Разве это своеволие, продолжающееся и после смерти, не свобода – влечение к смерти – в самой своей элементарной форме? Вместо того чтобы осуждать его, разве нам не следует восхвалять его как последнее прибежище нашего противостояния? Припев старой немецкой коммунистической песни из 1930-х годов гласит: «Die Freiheit hat Soldaten! [У свободы есть солдаты!]» Может показаться, что подобная идентификация конкретной группы как военного инструмента самой Свободы является формулой «тоталитарного» искушения: мы не просто боремся за свободу (или наше понимание ее), мы не просто служим свободе, сама свобода использует нас… Путь для террора кажется открытым: кому будет позволено противостоять самой свободе? Однако идентификацию революционного военного подразделения как непосредственного органа свободы нельзя просто проигнорировать как фетишистское короткое замыкание: неким патетическим образом это относится и к аутентичному революционному прорыву. В таком «экстатичном» опыте действующий субъект больше не является личностью, но становится объектом.
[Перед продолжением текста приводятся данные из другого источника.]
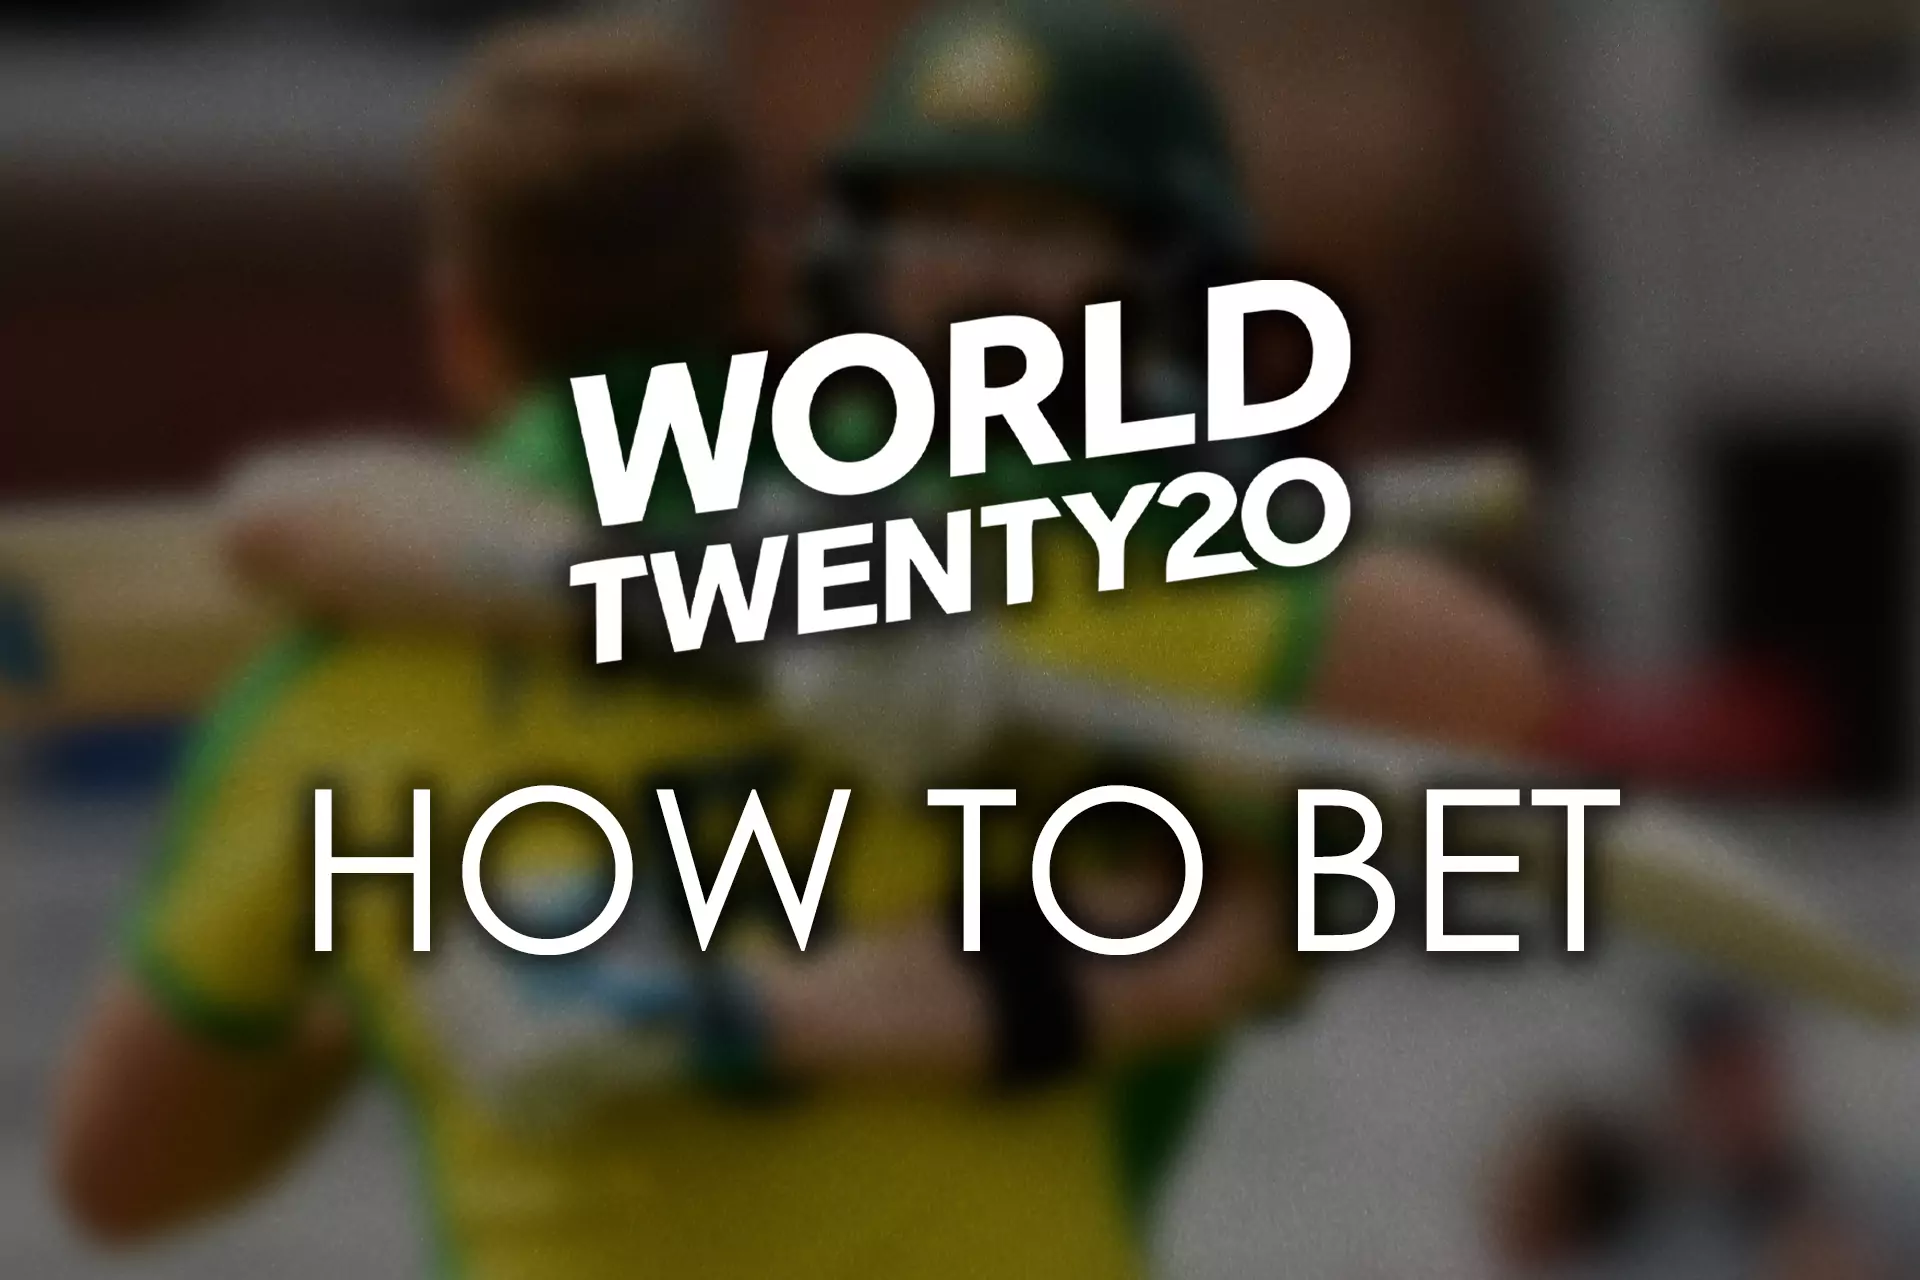 If you are going to start betting on the T20 World Cup events you need to sign up on a betting site.

И именно этот аспект идентификации с объектом обосновывает использование термина «теология» для описания ситуации: «теология» здесь называет то, что в революционном субъекте выходит за пределы простого сборища индивидуальных людей, действующих вместе.
Разве это не послание Христа о воскресении? «Бог есть любовь» значит: «Бога никто никогда не видел. Если мы любим друг друга, то Бог в нас пребывает, и любовь Его совершенна есть в нас» (Первое соборное послание святого апостола Иоанна Богослова, 4:12). Или «никто не видел Джо Хилла после смерти, но если рабочие сплотятся в организации в своей борьбе, он будет жить в них…» Здесь присутствует тройной момент Aufh ebung. (1) личность Христа (Джо Хилла) снимается в своей воскрешенной идентичности как Дух (Любовь) сообщества верующих, (2) эмпирическое чудо снимается в высшем «истинном» чуде. (Это следует хорошо известной риторической фигуре: когда Гегель говорит о религиозных чудесах, суть его позиции в том, что нельзя быть уверенным в существовании реальных физических чудес – таким образом он вежливо говорит, что их нет – но истинным чудом является сама всеобщая мысль, чудо мышления. В наши дни принято говорить, что истинным чудом является моральная победа: когда после сложной внутренней борьбы кто-то принимает верное решение – отказаться от наркотиков или преступной жизни, принести себя в жертву на правое дело; и так же в христианстве истинное чудо – не расхаживающий по земле умерший Христос, но любовь в сообществе верующих.) (3) Само христианство снимается в политической организации. И снова это чудо имеет цену: где-то лежит раздавленный труп птицы – как Иисус на кресте, величайшая раздавленная птица.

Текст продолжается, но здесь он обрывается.